The Balts or Baltic peoples (, ) are an ethno-linguistic group of peoples who speak the Baltic languages of the Balto-Slavic branch of the Indo-European languages.

One of the features of Baltic languages is the number of conservative or archaic features retained. Among the Baltic peoples are modern-day Lithuanians and Latvians (including Latgalians) — all Eastern Balts — as well as the Old Prussians, Yotvingians and Galindians — the Western Balts — whose languages and cultures are now extinct.

Etymology
Medieval German chronicler Adam of Bremen in the latter part of the 11th century AD was the first writer to use the term "Baltic" in reference to the sea of that name.

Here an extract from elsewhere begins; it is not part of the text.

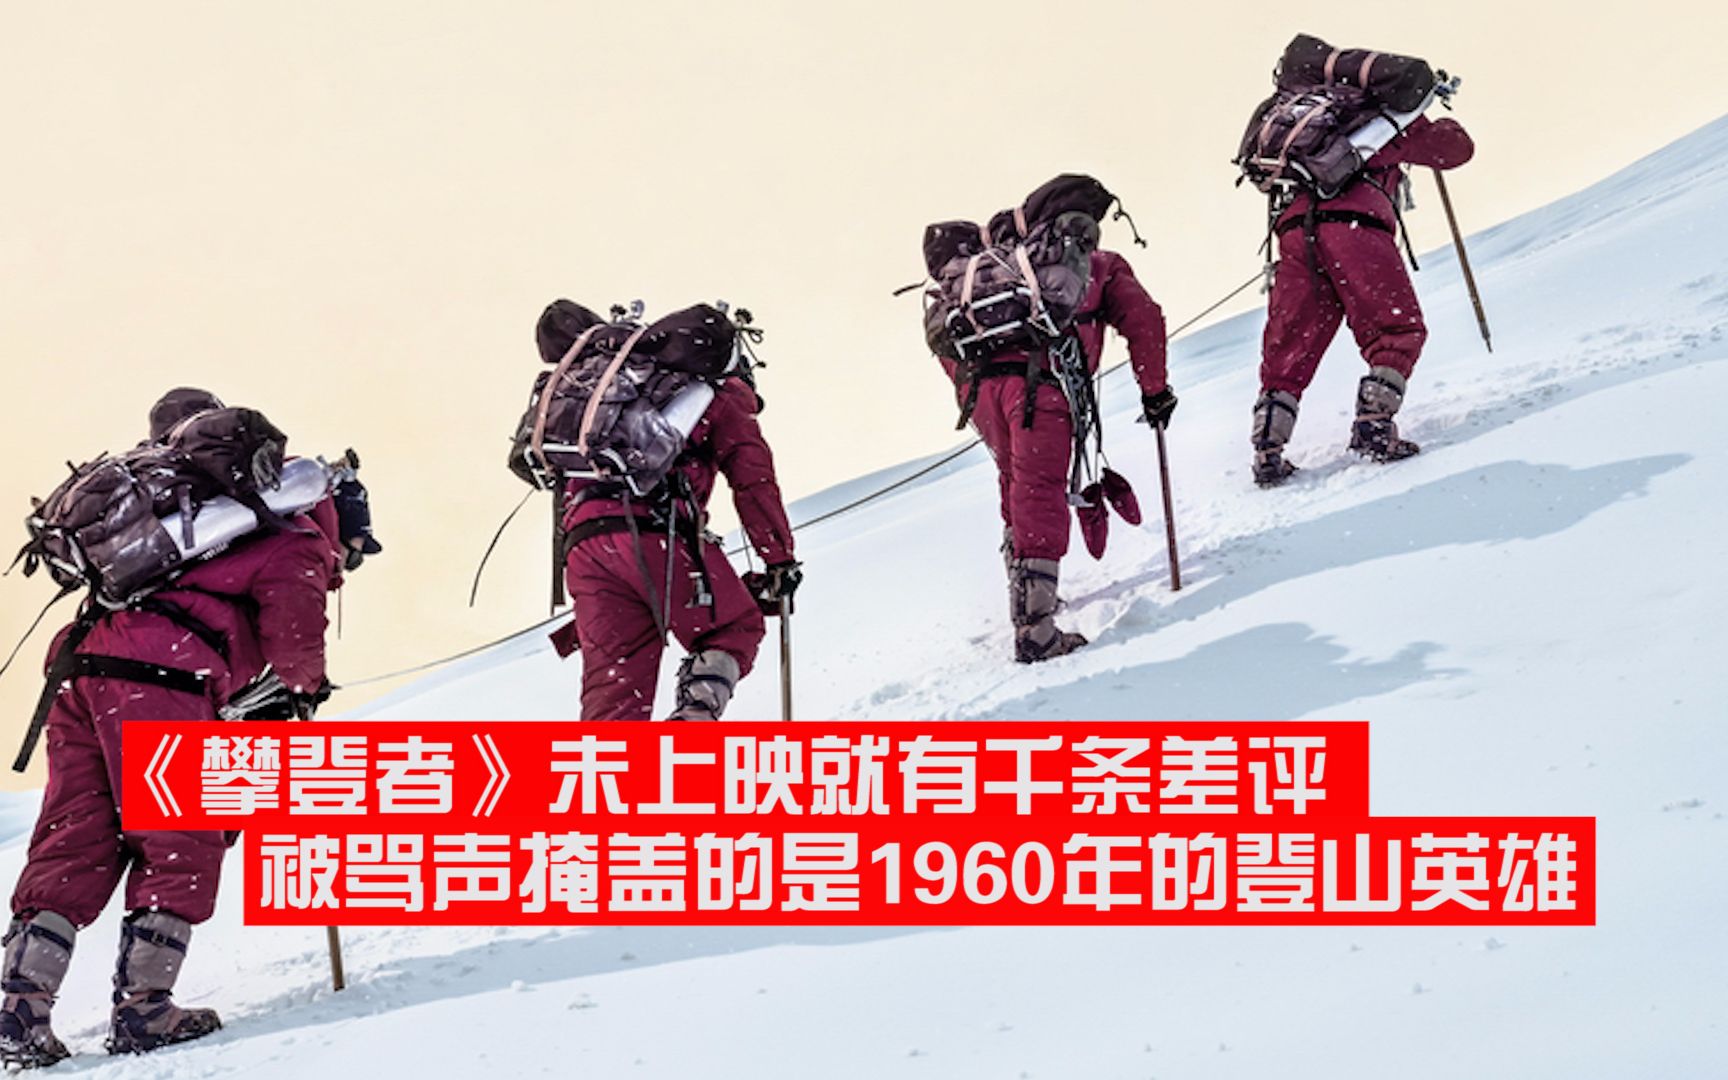 吴京攀登者未上映豆瓣千条差评被骂声掩盖的是1960年的登山英雄

Before him various ancient places names, such as Balcia, were used in reference to a supposed island in the Baltic Sea.

Adam, a speaker of German, connected Balt- with belt, a word with which he was familiar.

In Germanic languages there was some form of the toponym East Sea until after about the year 1600, when maps in English began to label it as the Baltic Sea. By 1840, German nobles of the Governorate of Livonia adopted the term "Balts" to distinguish themselves from Germans of Germany. They spoke an exclusive dialect, Baltic German, which was regarded by many as the language of the Balts until 1919.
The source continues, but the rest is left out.